In fact, I don't know that there are many clubs in Ireland that organise evenings of serious talking. But I'm in America at the moment and professional clubs matter here, perhaps because, in such a huge country, networking is something people in the same line of business have to do because they can't rely on bumping into each other. The rather grand Overseas Press Club in midtown Manhattan is basically for and about foreign correspondents. Thanks to Ireland's present status in the world, it held a panel discussion recently that examined the question . . . how has Ireland managed to surge forward economically? I was one of the speakers . . . something of a wild card. The other speakers actually knew something about the subject.
But economics doesn't exist independently of the general culture. Being a poor country or a prosperous country is a matter of the detail of lived experience for the people in that country. The speakers the other night kept referring to the Irish labour force. But what is a labour force, or rather, who is it? How is it linked with the past and future? I brooded about that on the long subway ride home.
It was agreed by all concerned the other night that a major reason for our sudden economic wellbeing was that in the '90s, when profitable American companies were looking for an EU country to open up in, they chose Ireland because of its labour force. And what was so great about the labour force? Well, they said, it was and is large, well-educated and English-speaking. I amused myself by looking at each of those words.
Take 'English-speaking'. If we were not English-speaking, which we are thanks to our specific responses to colonial oppression by Britain . . . Wales, you notice, was also oppressed, but the Welsh did not lose their language . . . we would not be enjoying our present prosperity. Property is much cheaper in Italy or France or Germany and the roads and railways are indescribably better and the food is in a different and higher league, but if you were an American or Asian CEO setting up a business in an EU country all that wouldn't count against the problems presented by any other language than English.
So . . . thank you, England.
Then take 'well-educated'. What does it mean to say that the Irish labour force is well-educated? Against whom is it being compared? And what is the educational goal the workers have well achieved? Have they learnt to be independent thinkers? Have they found their way to identifying their own gifts and to releasing their own creativity? Perhaps welleducated means nothing more than that for the last 35 years or so most Irish students haven't left school till they're well into their teens and nowadays a high proportion have gone on to third-level study. But the same could be said for the young people of many other countries. What is it about Irish education that makes the Irish so suitable for employment? It doesn't just mean, does it, that they're good at obeying American bosses?
Now take the seemingly innocuous word, "large". Behind this word, I decided . . . as I raced across the platform to change trains . . .
a massive cultural shift is hiding. How did the Irish labour force become so large? Well, I'll tell you. It got large by Irish mothers having big families . . . very, very big families, followed over time by big families, followed by families declining in size towards the EU average.
And why did Irish women have so many children?
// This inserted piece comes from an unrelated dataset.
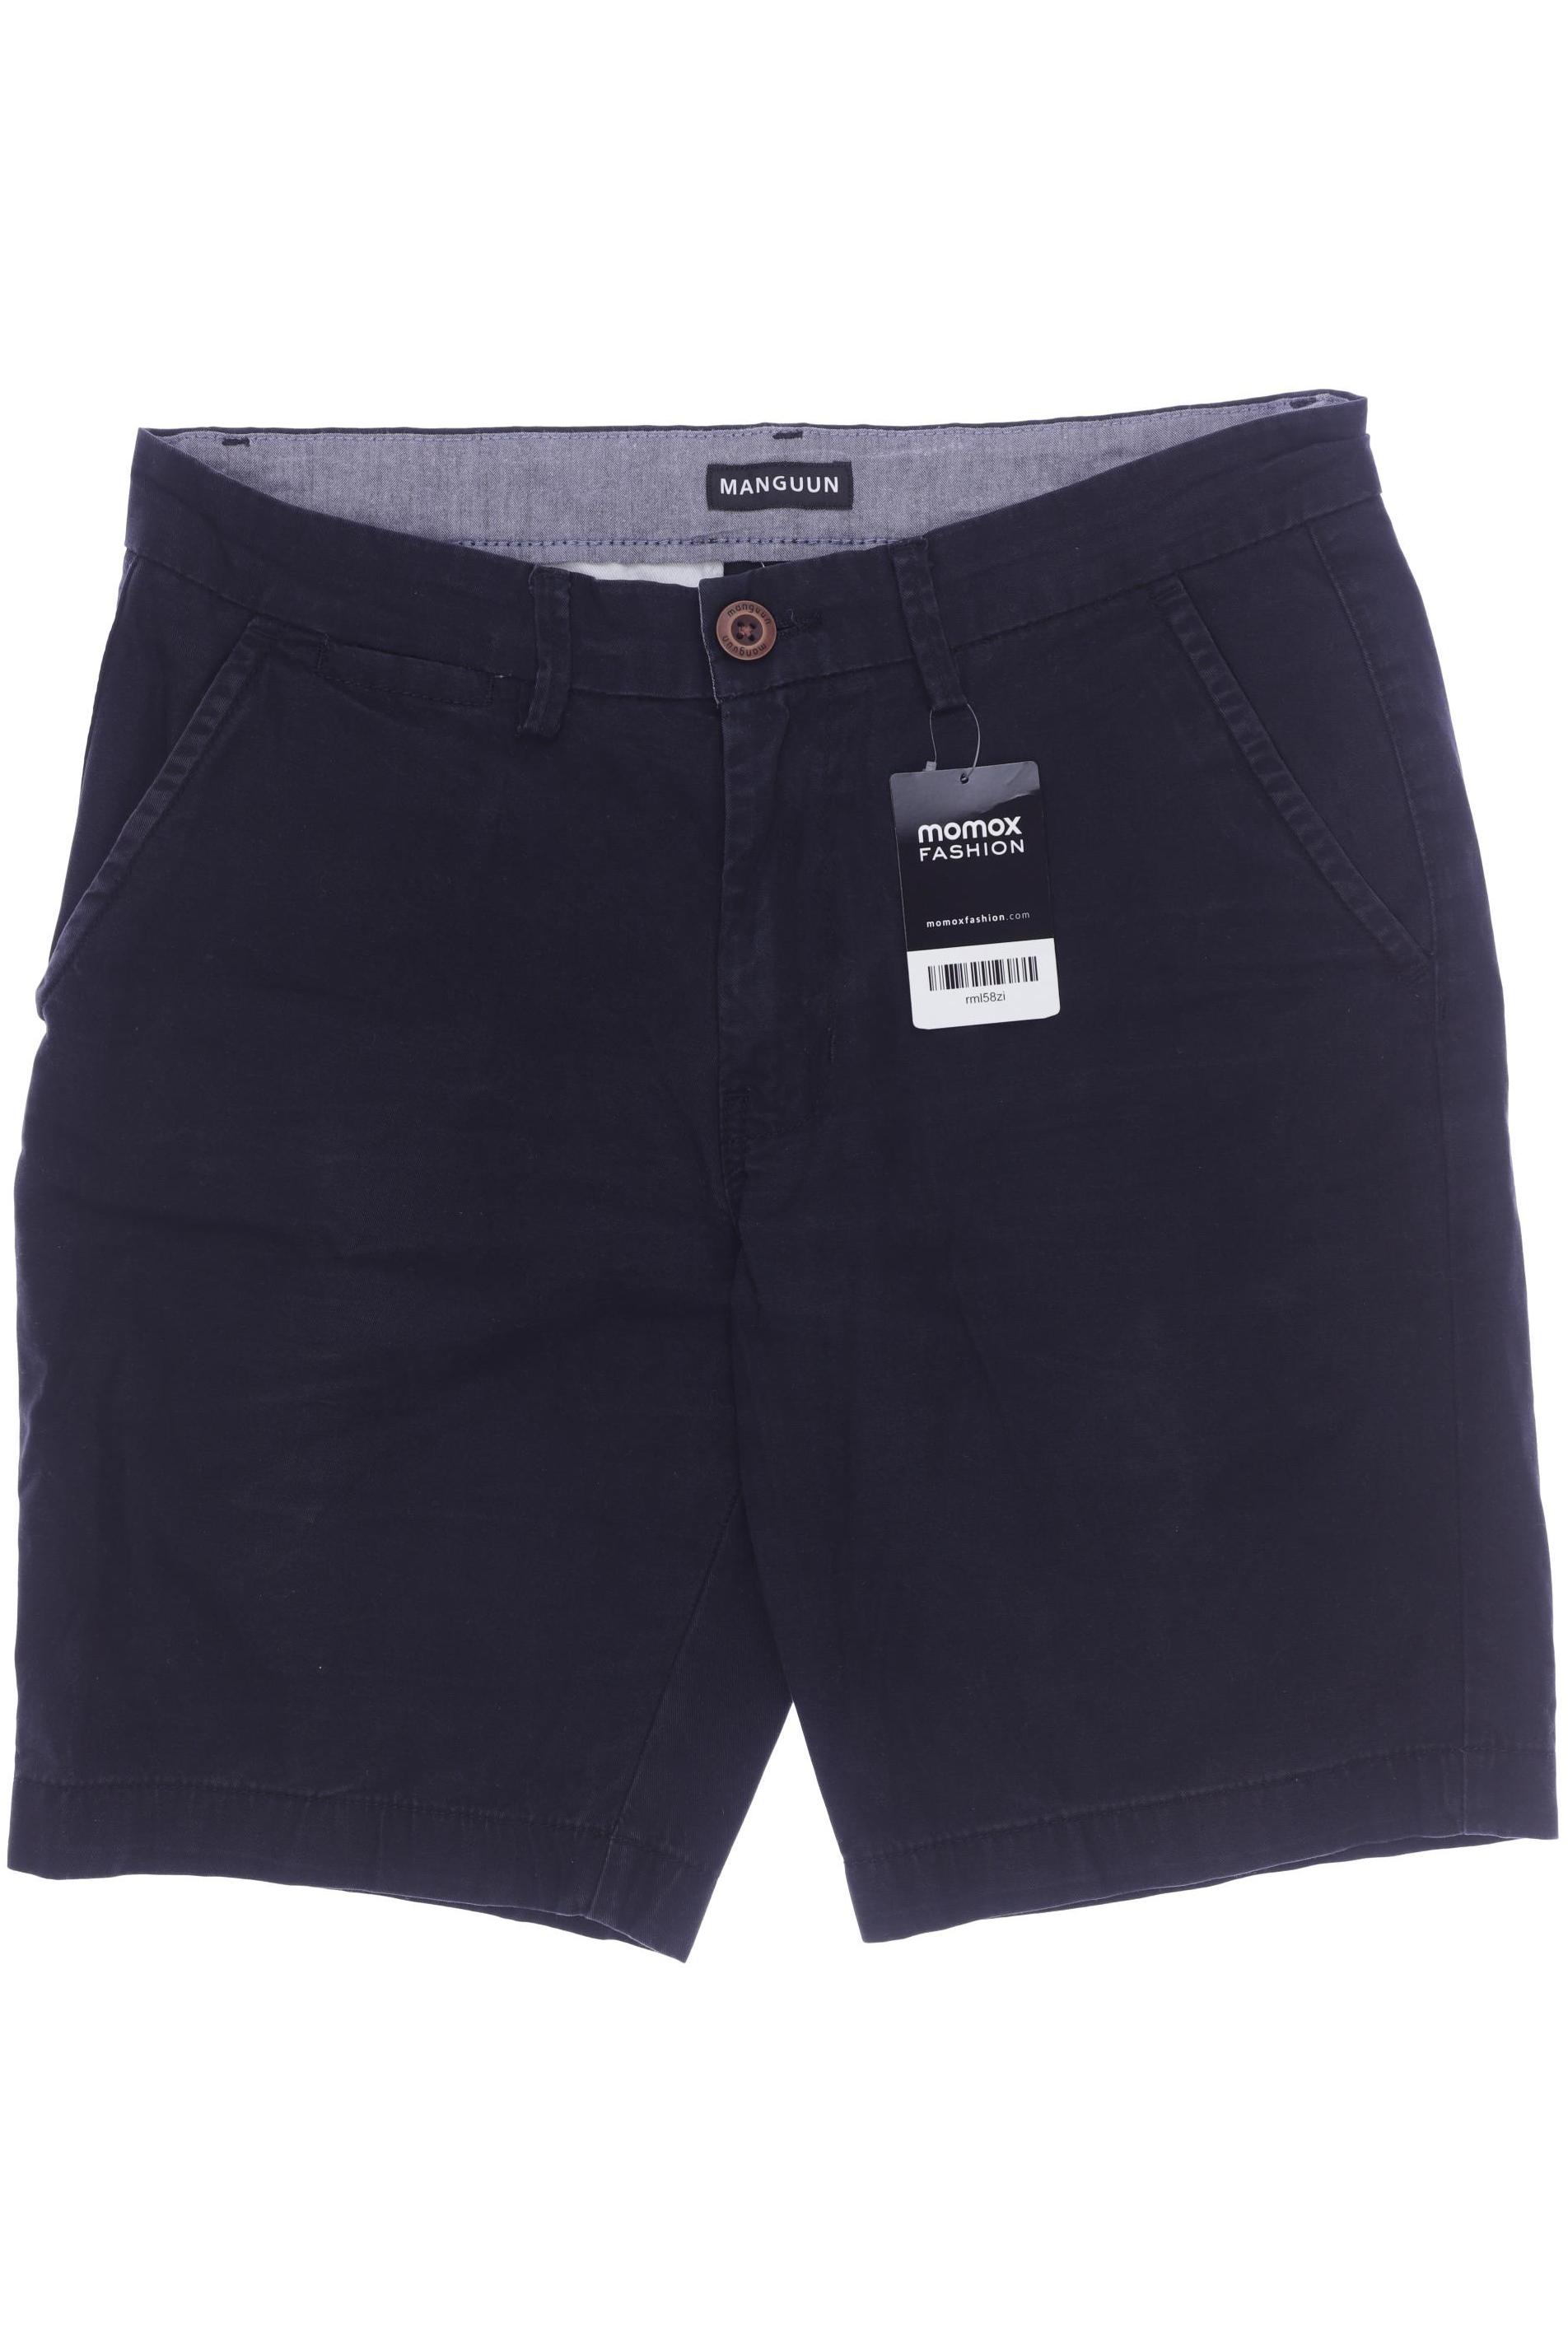 Manguun Herren Shorts, schwarz, Gr. 50 von Manguun

They had them because they had few options but to have them, until, in 1979, Charles Haughey defied the majority church and those who follow Papal teaching in this matter and brought in limited access to contraception for married couples as an Irish solution to an Irish problem. As soon as there was widespread access to contraception, family size fell dramatically.
So the economic miracle owes its existence to Mna na hEireann! Had you realised that? How often do specialist commentators make that point? We'd be nowhere today without all the workers our mothers and grandmothers provided us with.
What's more, as soon as the adult lives of the women of Ireland were not wholly spent in childrearing, the women sought paid work.
They came from a standing start to constitute the biggest addition to the Irish labour force in recent decades . . . in fact, for a time more or less all its growth was due to the entry of women.
And there are more women to come. Even now, there aren't as many women working outside as well as inside the home as there are in most other EU countries. The jobs women get at the moment are clustered at the bottom end of the pay scale, where they may be the foundation of personal power but they don't add up to social power.
But just you wait. Even as things are, women's entry into the labour force means changed childrearing, changed parent-toparent and parent-to-child relationships and in the end it will mean changed women.
Which is not unexpected, they just having given birth to the celtic tiger.
And with this little exercise in humanising the 'dismal science' of economics completed to my satisfaction, the train rattled into my station.